Steel, Fulfilling a Positive Role in World’s Sustainable Future

Steel has a crucial role in building a strong world. It is this metal that makes much of our life moving forward. From its invention, to the most current technologies and uses, it won’t be fallacious saying that the world won’t have been the same without this revolutionary material. Steel not just hasn’t changed millions of lives, it has been contributing immensely to the cause of the world. Steel propels the world's economy and nations’ growth relies heavily on it.

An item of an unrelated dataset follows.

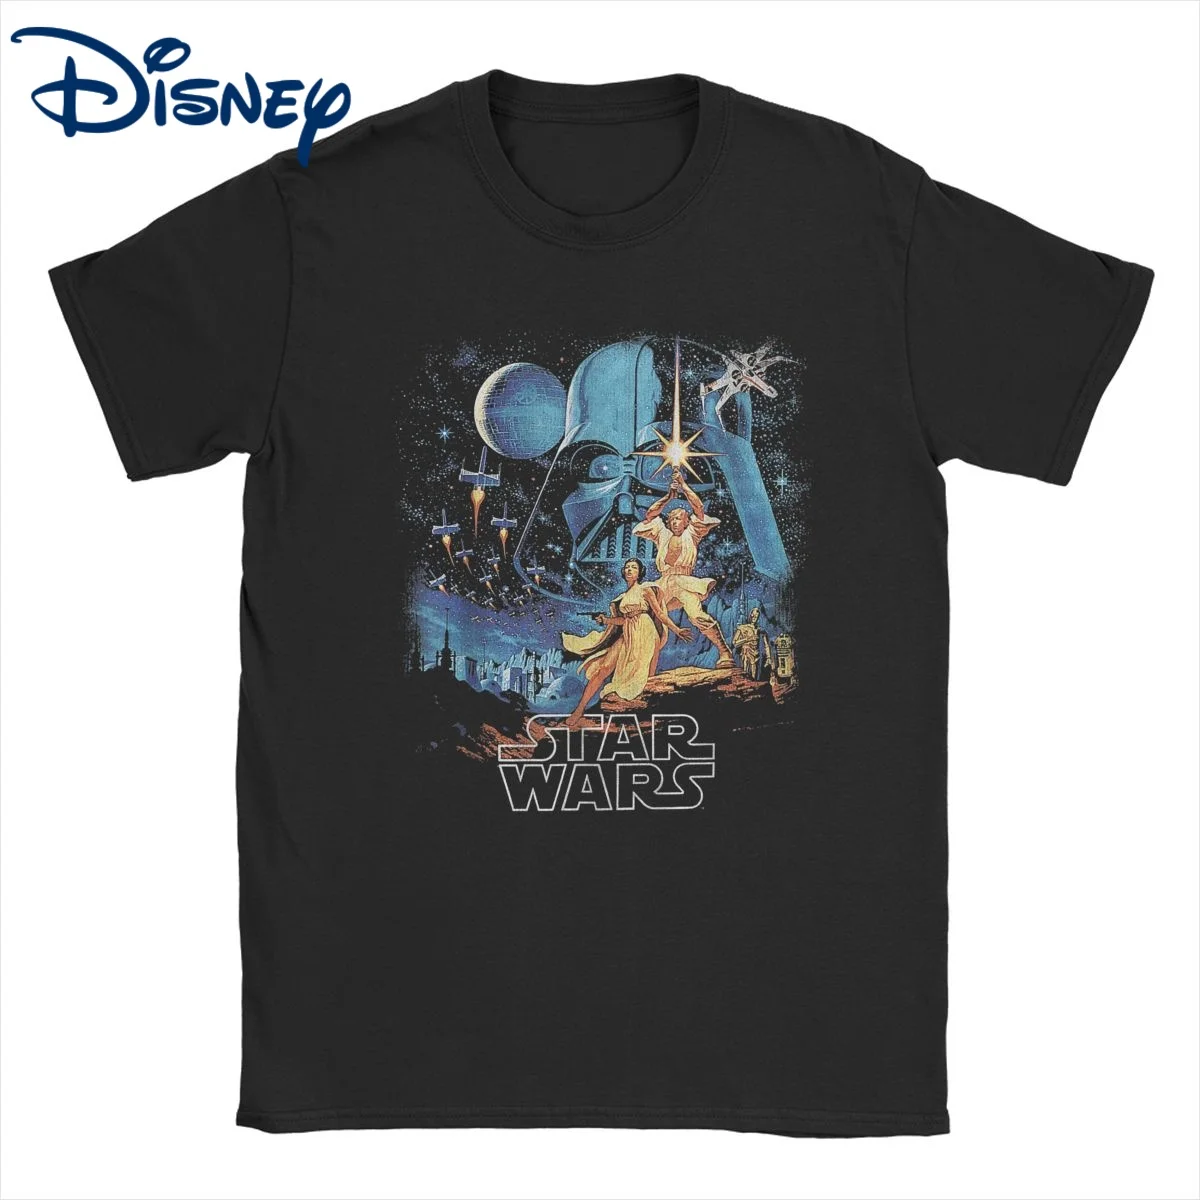 

Disney Star Wars T-Shirts Men Women A New Hope Faded 100% Cotton Tee Shirt Crew Neck T Shirt Graphic Printed Clothes

The industry has rapidly moved on from being the world’s growth engine to a sustainable growth proponent. Let’s see how the industry contribute to the cause:

Contributing to the circular economy

The circular economy (CE) model always offered new chances of innovation and integration. When compared to other linear business models, where products are manufactured from raw materials, used and then discarded, the steel industry’s circular business models are more sustainable where products or parts are restored, repaired, re-used, returned and recycled effectively.
This circular economy concept fundamentally is the bottom line concept of sustainability, which focuses on the interplay between environmental, social and economic factors. They are based on a life cycle approach. In a well-structured circular economy, steel has noteworthy benefits over competing materials. That said, continuing to fulfil a positive role in our sustainable future comes with some major challenges.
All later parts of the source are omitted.